Character Analysis: Gathering Evidence for the Antigone Fever Chart (2 of 3)
Lesson 10 of 11
Objective: SWBAT analyze how complex characters develop over the course of the text by analyzing character quotes, categorizing character traits and supporting their findings with text evidence organized by a line graph. .
I realized during yesterday's lesson that students aren't sure how to cite quotes from a play and aren't sure how to utilize brackets to clarify confusing pronouns within a quote. To begin class, I present a very quick mini lesson on both skills.
I write a quote from the play on the board:
"Do not fear me. Make straight your own path to destiny."
I explain to students that we have to do two things to this quote. We have to cite it correctly using MLA and we have to clarify the confusing pronouns, me and your.
Next, I write the citation (L.9-10.3) template:
(Author.Scene Number. line number(s))
I made sure the students understand that when we normally cite a play we include the act and the scene, but since Antigone is written in only scenes, that is what we cite.
Then, I explain that the unclear pronouns can be confusing for a reader. We use brackets , to insert clarifying details for the reader. I rewrite the quote with the correct citation and brackets.
"Do not fear me [Antigone]. Make straight your [Ismene] your own path to destiny" (Sophocles.Prologue.90).
I tell students to take notes on this correct formatting and keep it in their binder as a resource. All of their quotes needed to be formatted in this way.
During student work time, the room is chaotic. Each group will be working on a different part of their Antigone Fever Chart. This video, students collaboratively working on Fever Chart, that demonstrates the very active classroom during this time.

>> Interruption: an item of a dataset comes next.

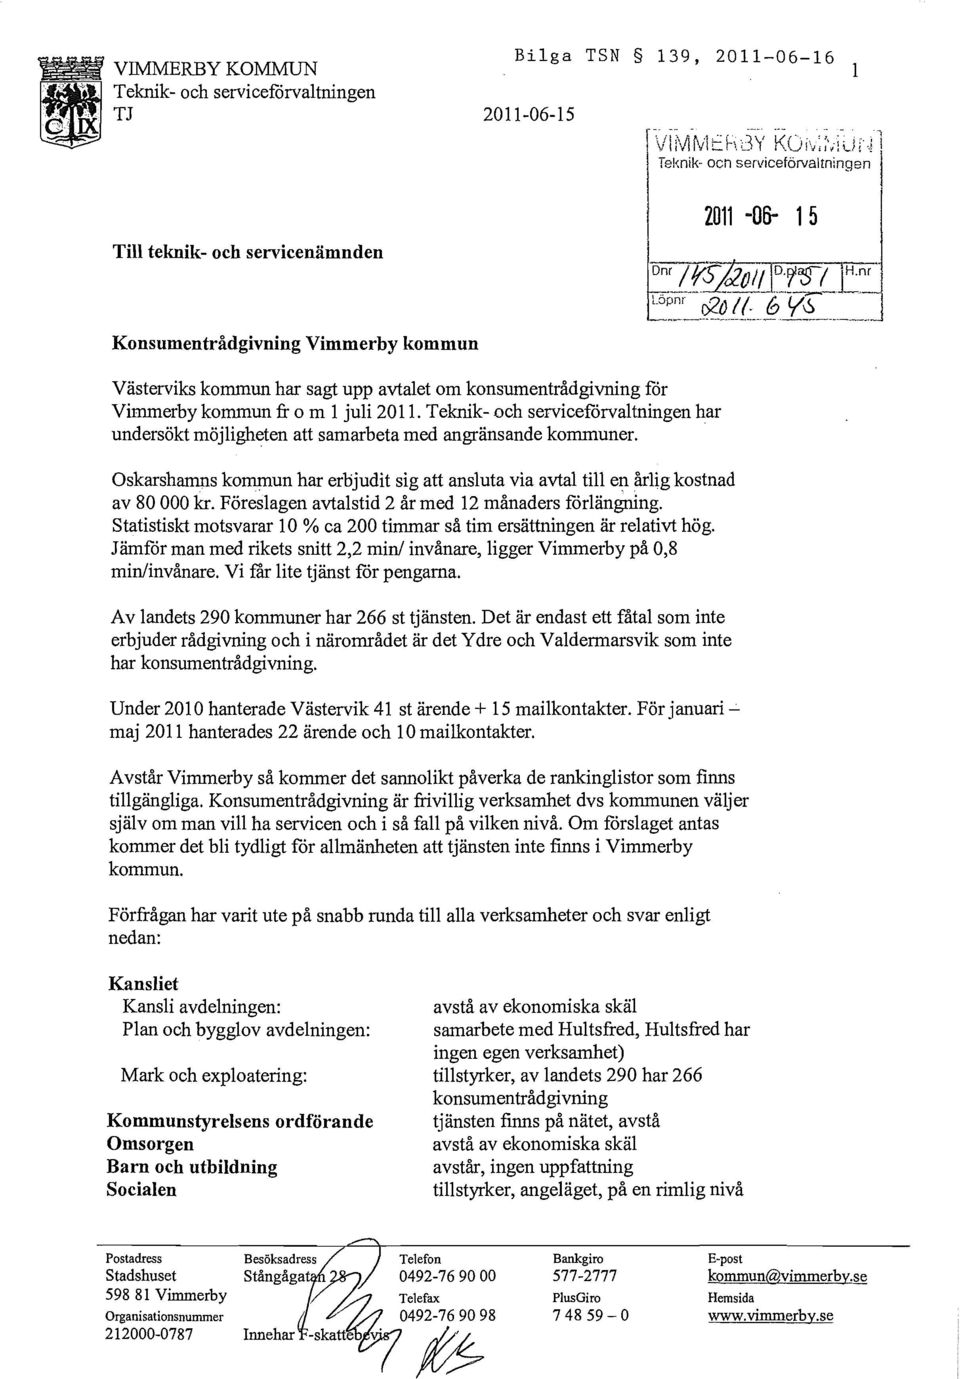 . Oskarshamns kommun har erbjudit sig att ansluta via avtal till en årlig kostnad av 80 000 kr. Föreslagen avtalstid 2 år med 12 månaders forlängning.

Another part of student work time, is conferring with students about their quotes. Before students attach their quotes, I will visit the group. During this conference, the group members will present their quote, explain where it gets charted and read the explanation (Sl.9-10.4, SL.9-10.1a, SL.9-10.1b). This video, conferencing with students about text evidence (RL.9-10.1), demonstrates this conferring time. This is important because I want students to think about literary analysis in the same way they do an argument. They are making judgments about the character and providing evidence to support that analysis (RL.9-10.3). When they verbalize that during a conference with me, it validates their hard work. Additionally, it is good practice before they present to the class.
By this time, students should have their quotes selected, explanations written and chart completed. During the next class period, students will present their posters. With a few minutes of class left, I explain that students who don't have their quotes on their poster and/or explanations written, need to complete them for homework.